- No primeiro trimestre, policiais em serviço mataram 142 pessoas no estado de São Paulo, 5 a mais que o mesmo período de 2025.
- Policias fora de serviço registraram 33 mortes no mesmo intervalo, 4 a mais que em 2025.
- Pela Polícia Militar, em serviço, o número de vítimas foi 134 no trimestre, igual ao registrado em 2025; fora de serviço, foram 29 mortes, 3 a mais que no ano anterior.
- Os dados são do Ministério Público de São Paulo, por meio do Gaesp, com informações repassadas pelas polícias Civil e Militar.
- Especialistas e o ouvidor Mauro Caseri destacam a alta letalidade policial e defendem atenção à saúde mental, controle do uso da força e maior transparência e responsabilização.
O estado de São Paulo registrou 142 mortes decorrentes de intervenção policial (MDIPs) no primeiro trimestre de 2026, 5 a mais que no mesmo período de 2025. Entre policiais em serviço, foram 134 mortes, mantidas em igual patamar de 2025. Já entre policiais fora de serviço, o número subiu de 29 para 33, no mesmo recorte temporal.
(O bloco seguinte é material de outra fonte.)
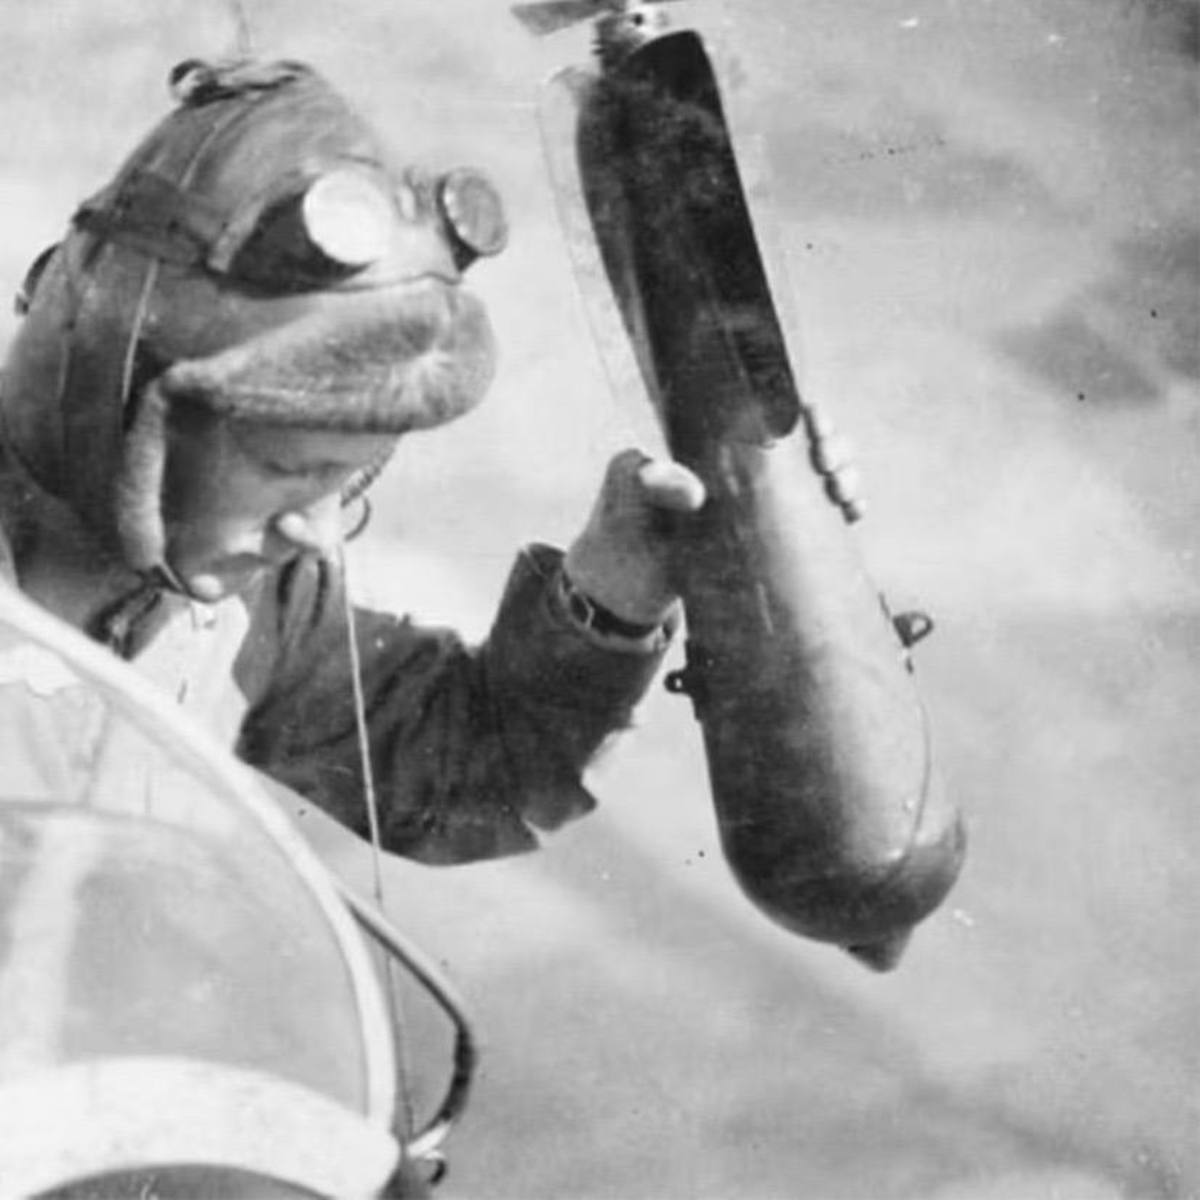 عکسی قدیمی مربوط به جنگ جهانی اول؛ کمک خلبان برای رهاکردن بمب آماده می‌شود

O levantamento é do Ministério Público de SP, compilado pela Gaesp, com dados repassados pelas polícias Civil e Militar. Os MDIPs são acompanhados pelo Conselho de Defesa dos Direitos da Pessoa Humana e pelo ouvidor da Polícia, com base em relatório dinâmico do MP.
O público alvo da pesquisa é a letalidade policial, medida a partir de ocorrências envolvendo agentes. As informações reforçam a necessidade de avaliação de políticas públicas, controle de uso da força e condições de trabalho dos agentes.
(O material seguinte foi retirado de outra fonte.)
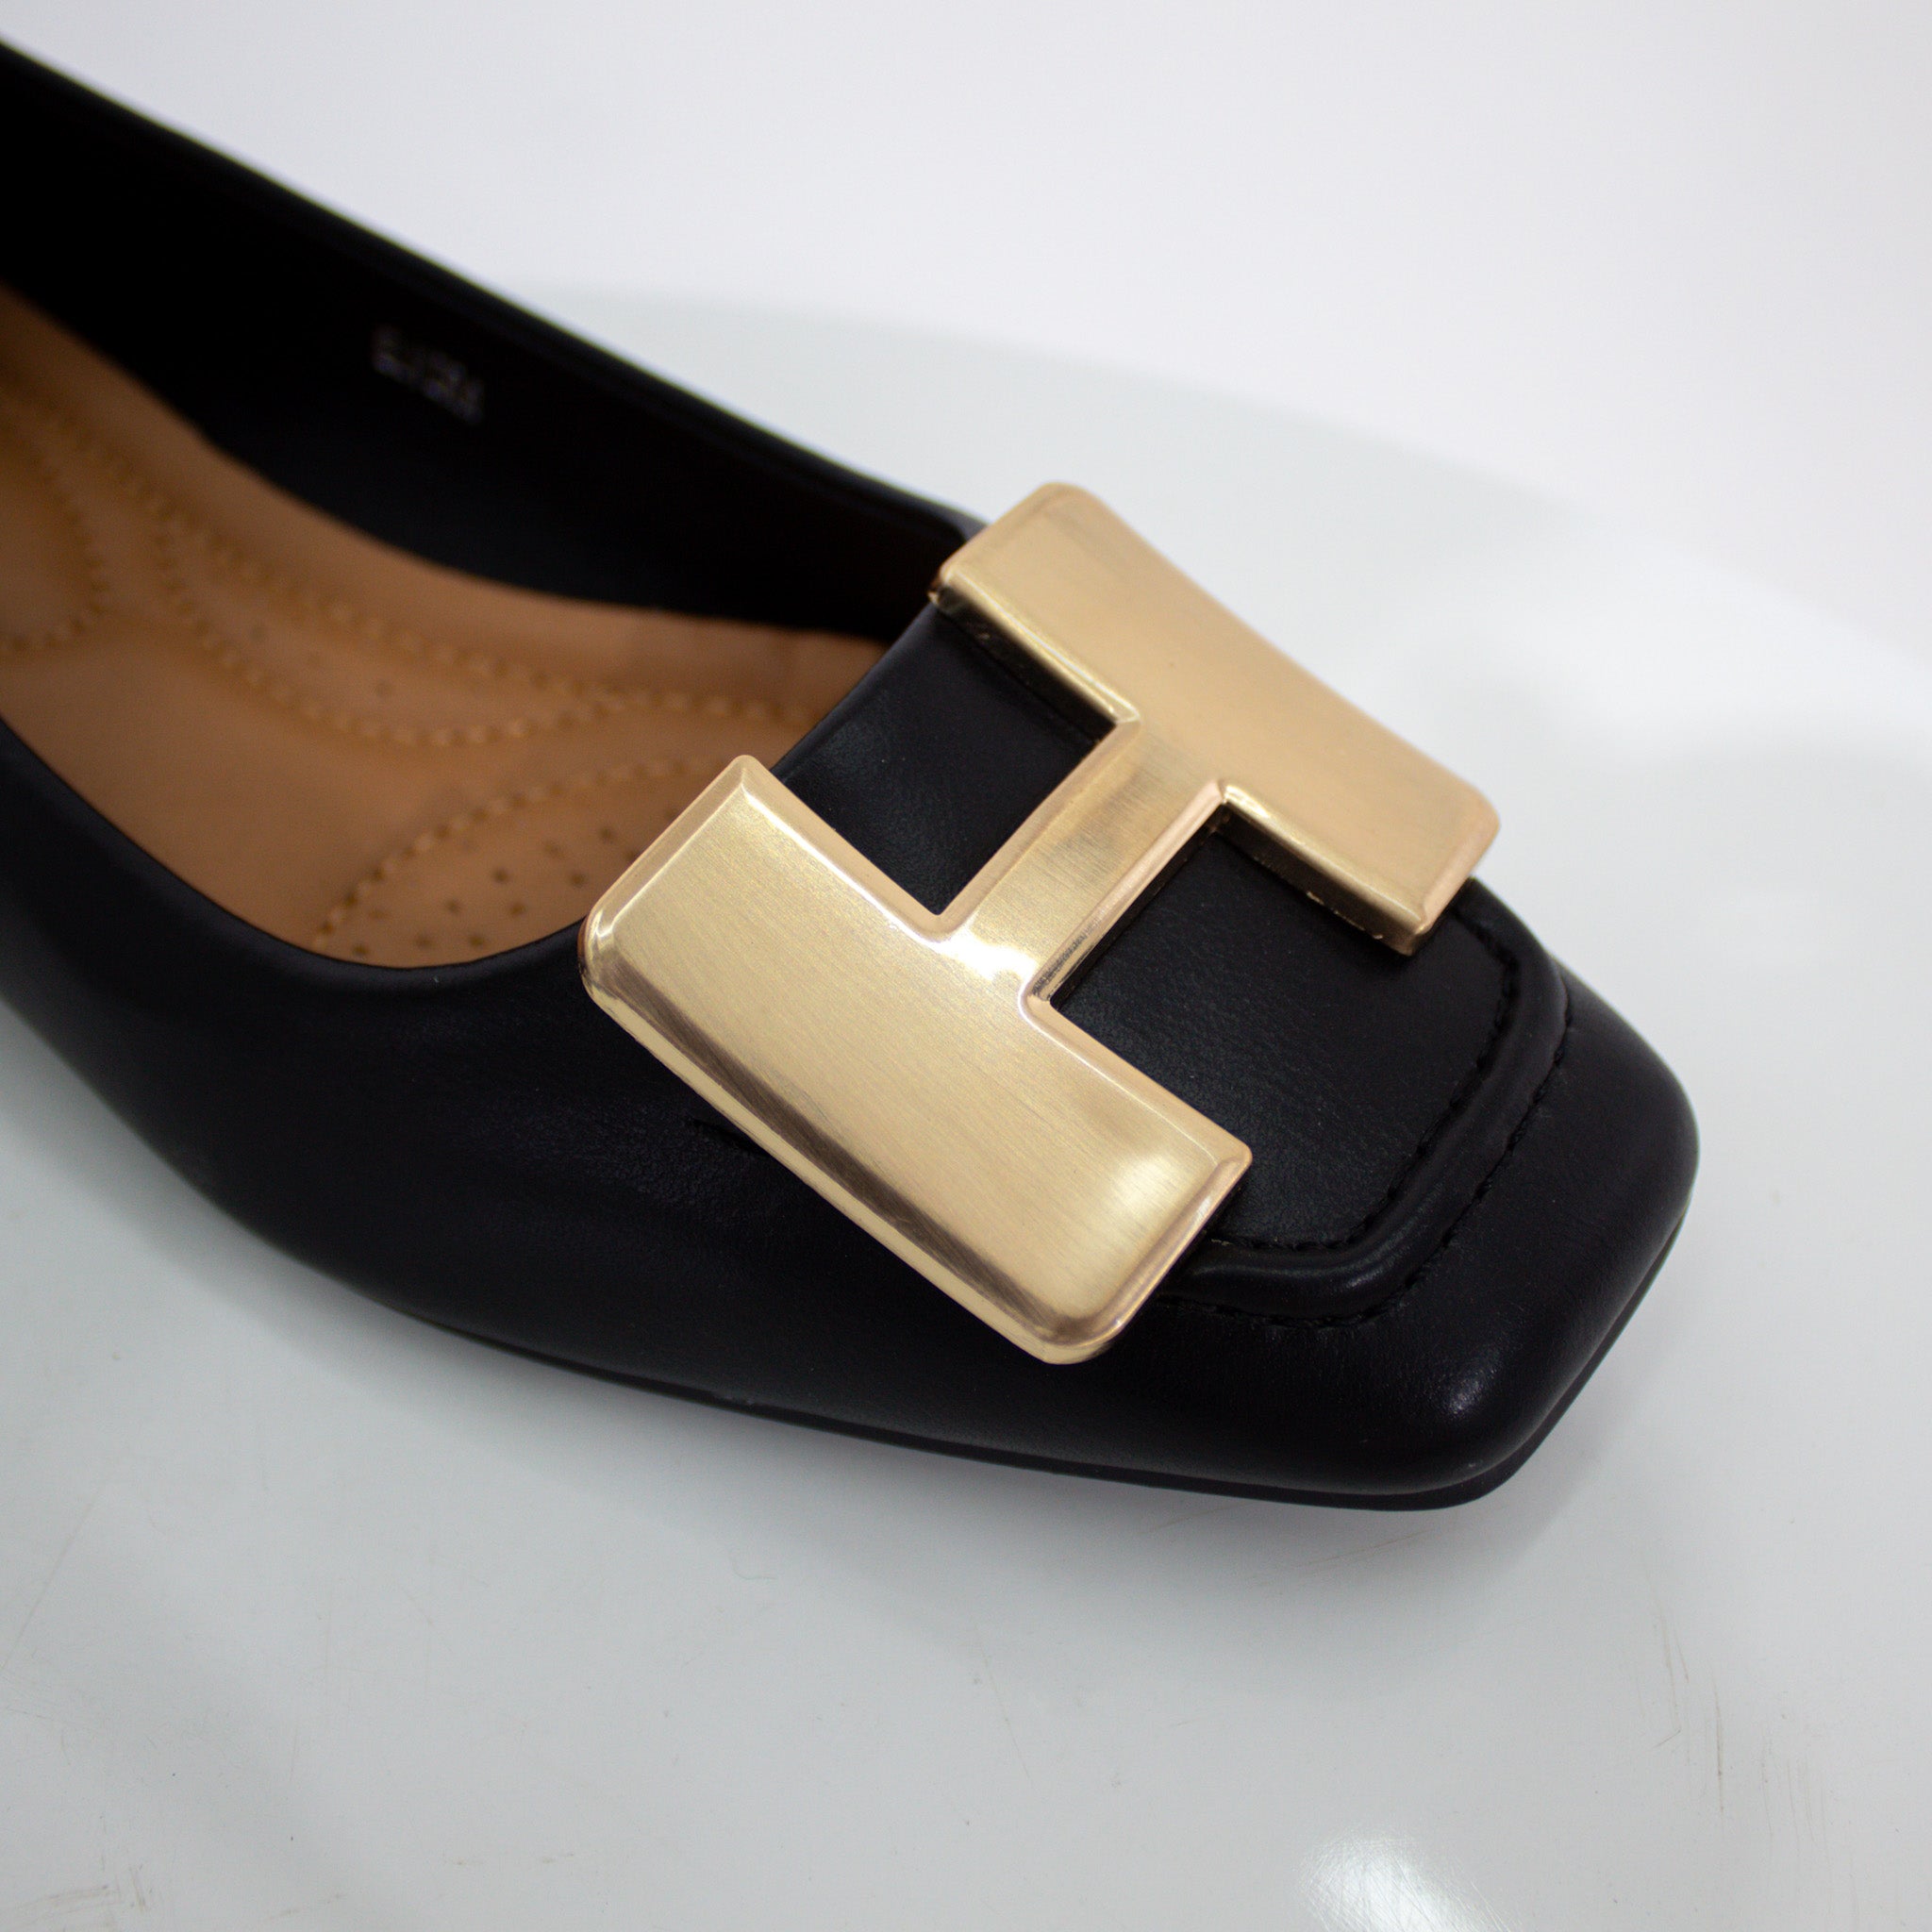 Alvira gold H-trim faux leather pump shoes black

Mudança de cenário recente
Em comparação com governos anteriores, a atuação da Polícia Militar em serviço registrou queda entre 2019 e 2022, com reduções graduais. A partir de 2023, a letalidade policial voltou a crescer, chegando a 703 mortes em 2025 e 653 em 2024, segundo o MP.
O ouvidor Mauro Caseri afirmou que a violência policial não pode aumentar como regra. Ele citou impactos de saúde mental, salários, carga de trabalho e necessidade de controle de uso de força como fatores relevantes para o cenário atual.
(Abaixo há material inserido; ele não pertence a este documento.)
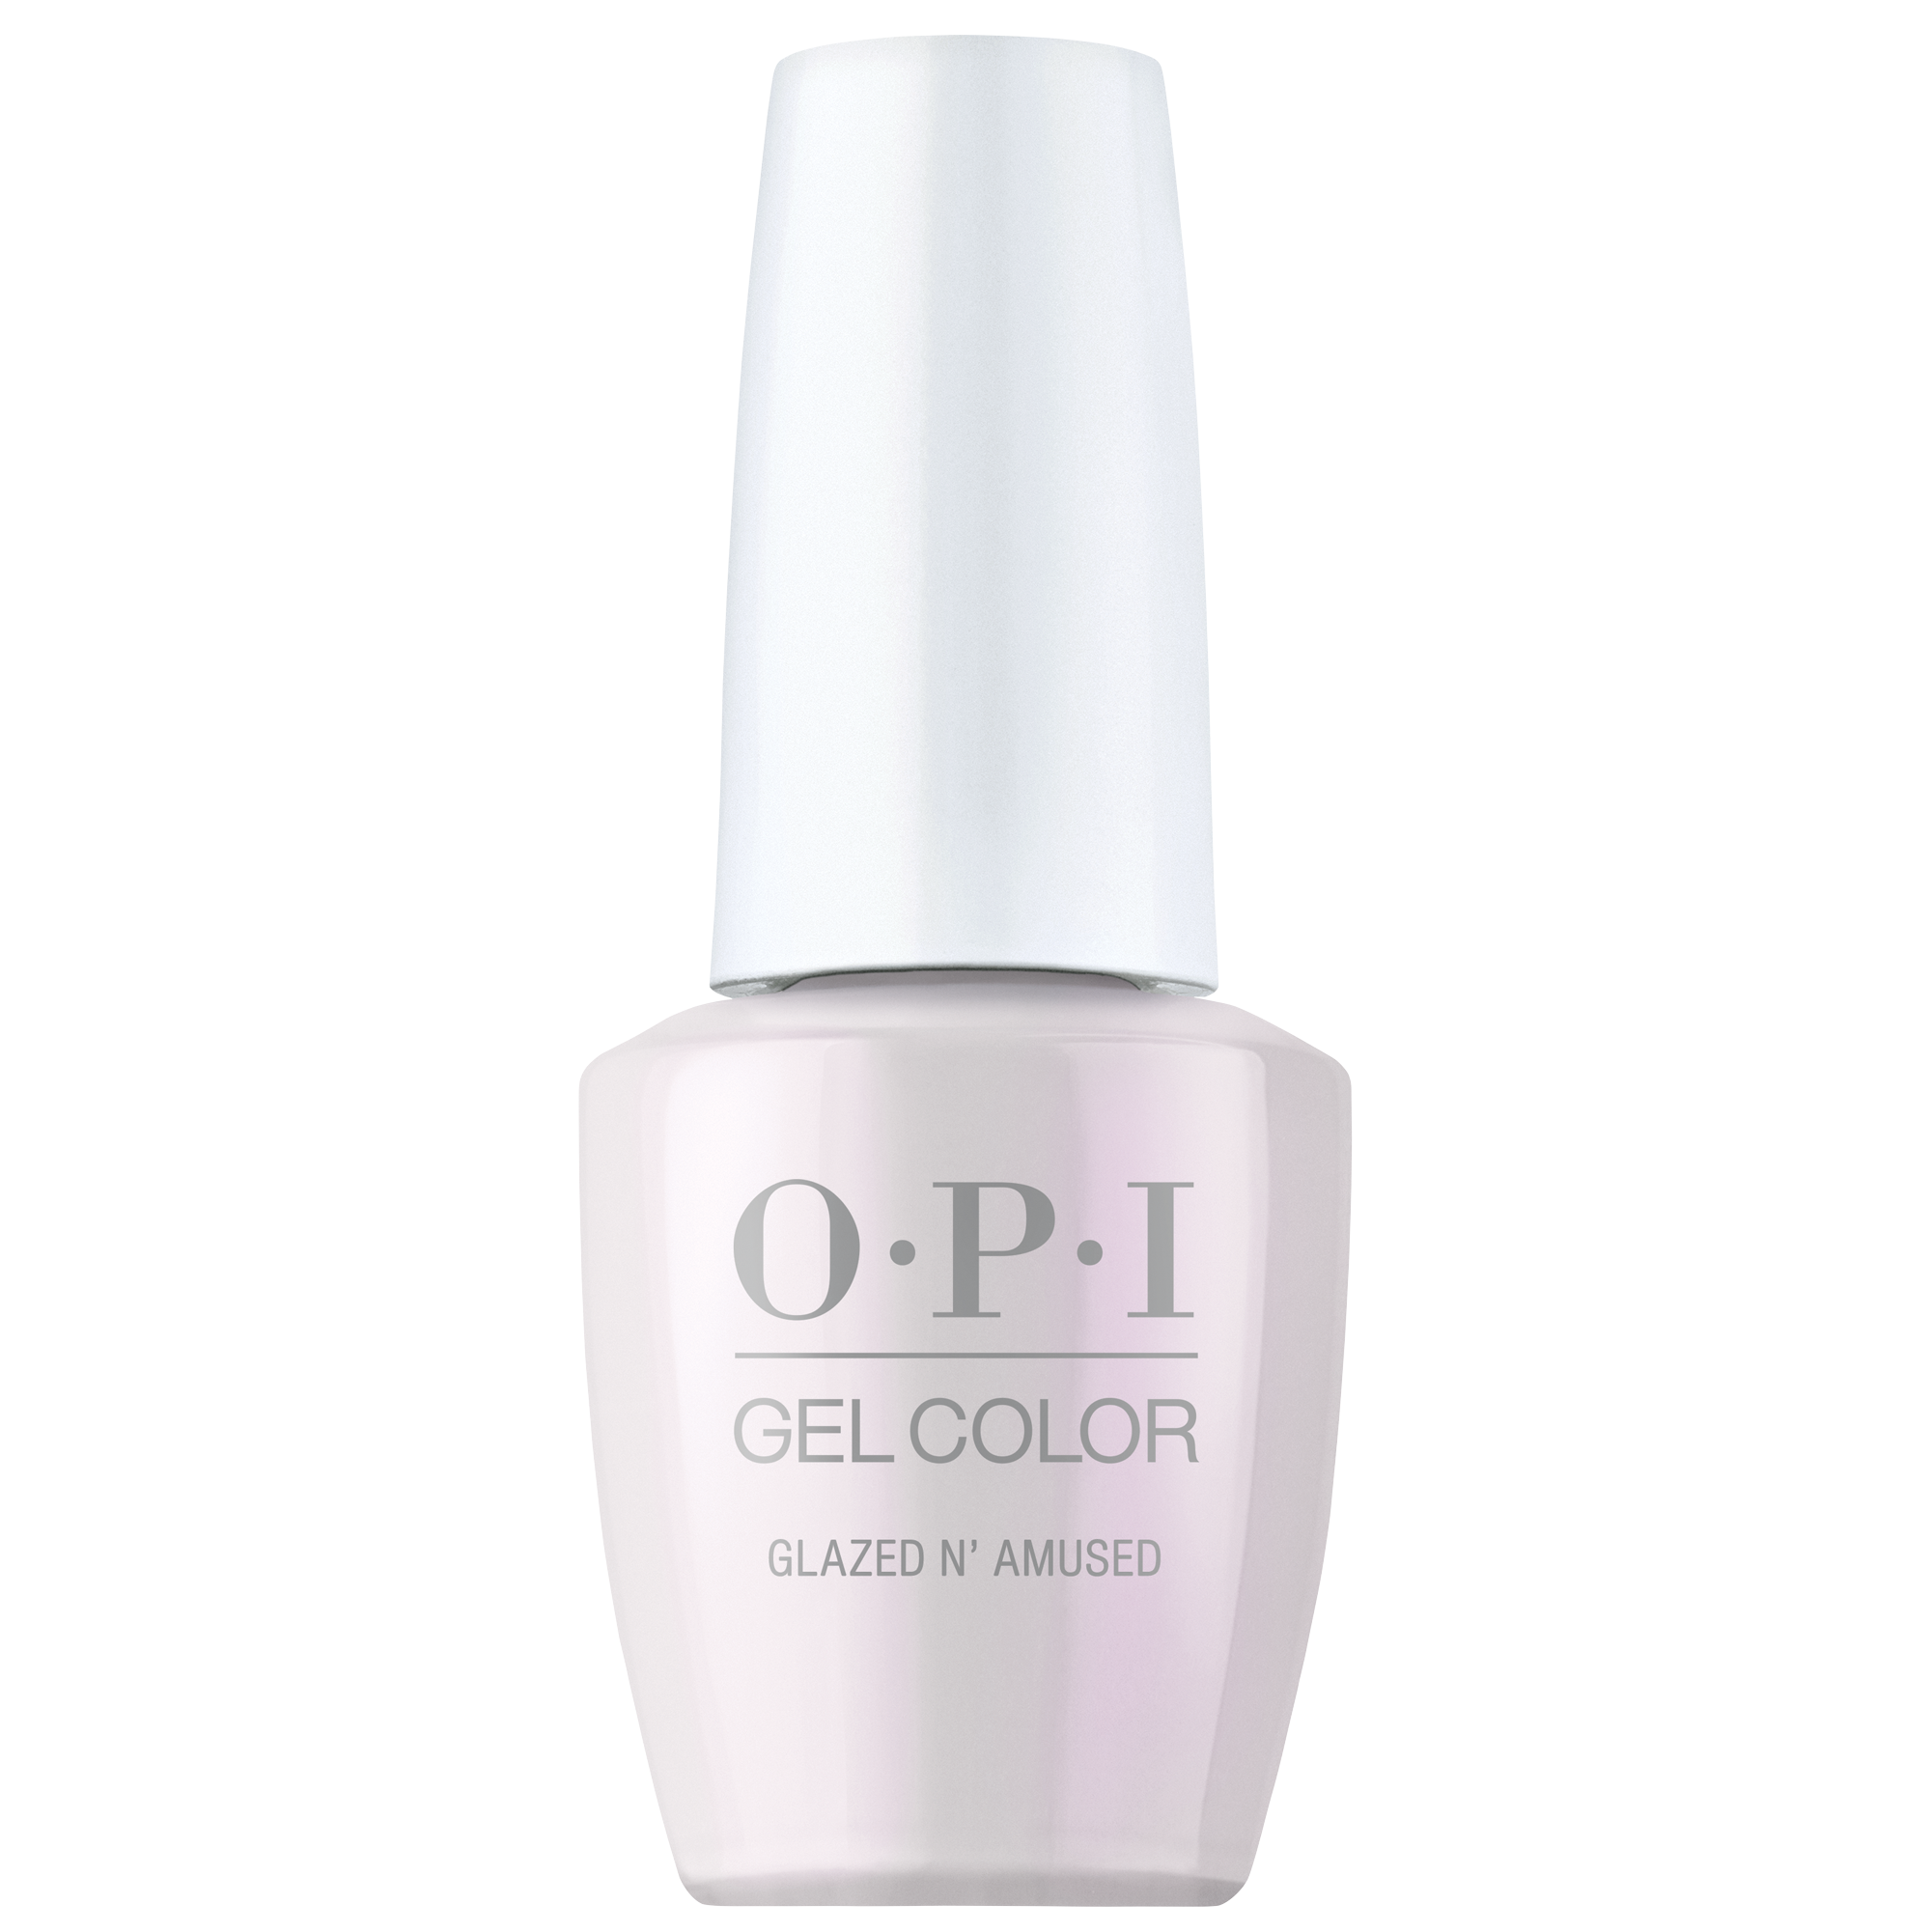 OPI Gel Color 360 - Glazed N' Amused

Adilson Santiago, presidente do Condepe, classificou o quadro como crise de segurança pública, com crescimento da violência policial e violação de direitos. Ele ressaltou a desigualdade de tratamento entre populações negras e periféricas.
Para reduzir a letalidade, Caseri propõe melhoria das condições de trabalho, fiscalização do uso de câmeras, revisão de protocolos e maior transparência. Ele aponta fadiga e suporte institucional como fatores críticos que precisam de atenção.
Medidas em andamento
A SSP afirma que as ocorrências são investigadas com acompanhamento das corregedorias, do Ministério Público e do Judiciário. O estado diz ter implementado medidas para reduzir a letalidade, com protocolos mais rigorosos e capacitação de agentes.
A SSP também mencionou a ampliação de tecnologias de menor potencial ofensivo, como espargidores, bastões retráteis e armas de incapacitação neuromuscular, com investimento superior a R$ 27,8 milhões. O objetivo é reduzir a necessidade do uso da força.
Segundo a secretaria, o programa Muralha Paulista integra dados e tecnologia para aumentar a eficiência das ações. O sistema já envolve mais de 125,5 mil câmeras conectadas a redes de monitoramento, com cobertura que ultrapassa 70% da população.